- Cover art of Férias Frustradas do Pica-Pau
- Developer: Tec Toy
- Publisher: Tec Toy
- Platforms: Mega Drive Master System
- Release: BRA: October 1996 (MD);
- Genre: Platform
- Mode: Single-player

= Férias Frustradas do Pica-Pau =

1996 video game

Férias Frustradas do Pica-Pau (Woody Woodpecker's Frustrated Vacations) is a platform video game developed and published by Tec Toy for the Mega Drive, and the Master System, it was released in October 1996 for Brazil only. This video game was based on the animated short film series created by Walter Lantz, and the title and some of the game art makes references to the Brazilian release of National Lampoon's Vacation under the name Frustrated Vacations.

==Gameplay==
The player takes the role of Woody Woodpecker. Woody's attack is using his beak to attack at enemies. One can also jump to cross platforms or to avoid enemy attacks such as throwing acorns. Also the player would have to collect money bags which are across the levels. Aiding Woody Woodpecker is a rocket pack which makes the player travel faster and a horn to wake Wally Walrus, but these only appear in the Mega Drive version.

==Story==

Woody running through the first level, about to be hit.

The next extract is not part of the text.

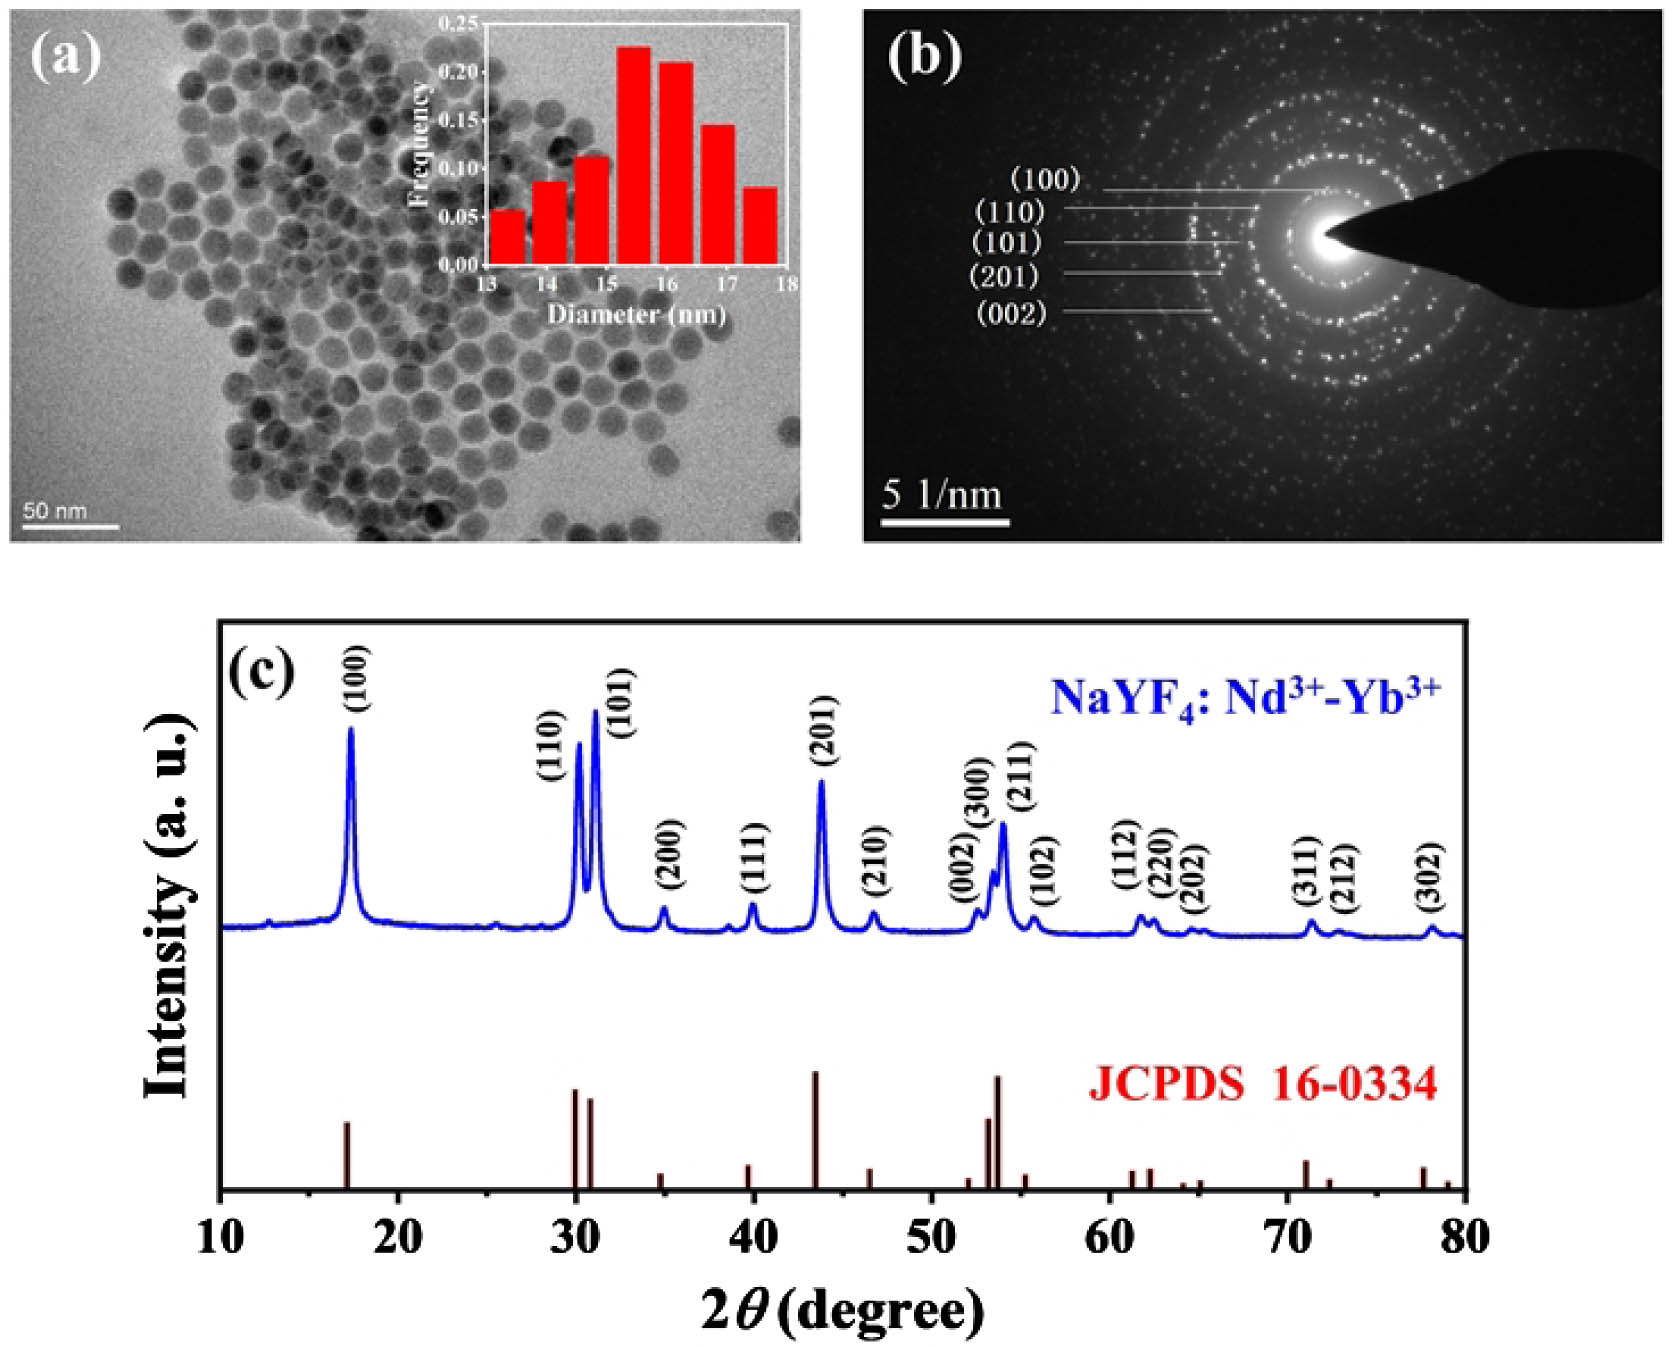 (a) TEM image of NaYF4:Nd3+−Yb3+ nanoparticles and the diameter distribution (insert), (b) selected-area electron diffraction pattern, and (c) XRD pattern for the sample.
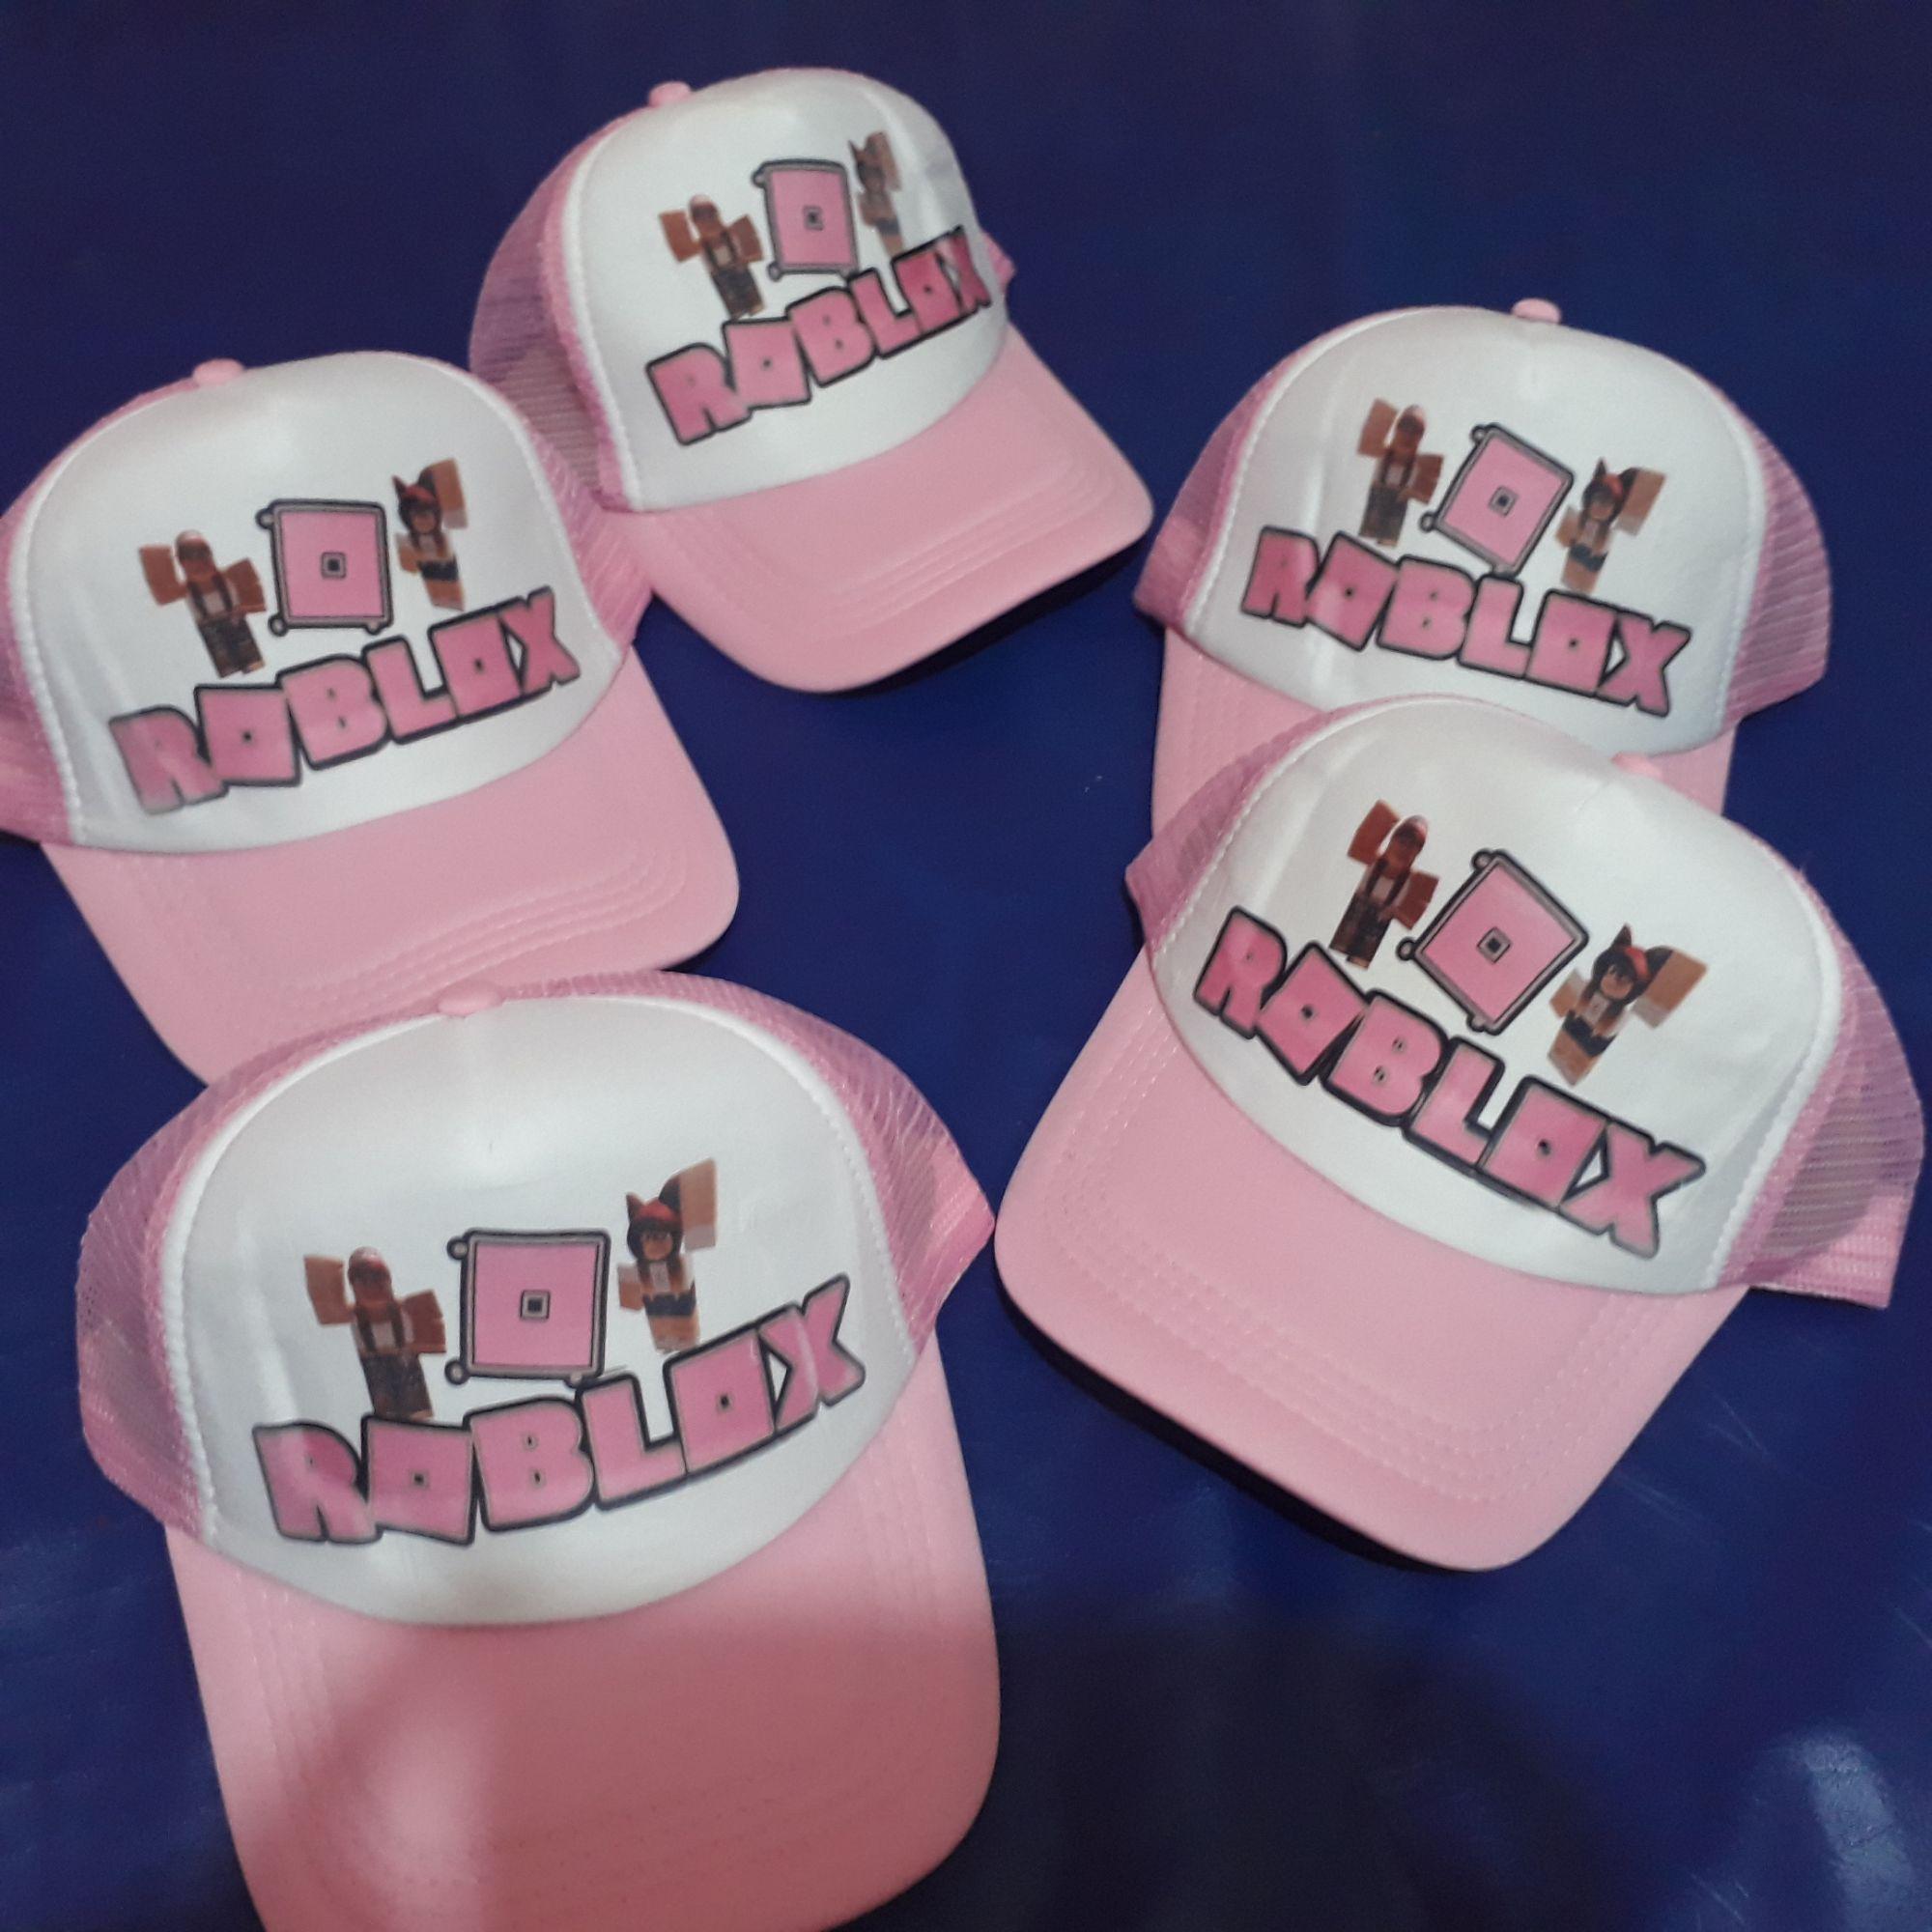 Roblox Cap Pink Buy Sell Online Hats Caps With Cheap Price Lazada Ph - adjustable kids caps game roblox printed cap casual outdoor baseball hats boys girls hats childrens party toy hats xmas gift

At the start of the game, Woody Woodpecker and his friends are travelling down in a car towards their vacation spot. When Woody takes a photo of his friends, a flash suddenly makes them disappear. A letter falls and it reads that Buzz Buzzard (known as Zeca Urubu in Portuguese) has kidnapped Woody's friends and the first to go is Andy Panda. Woody has to save them. Oswald the Lucky Rabbit is one of the characters that must be saved.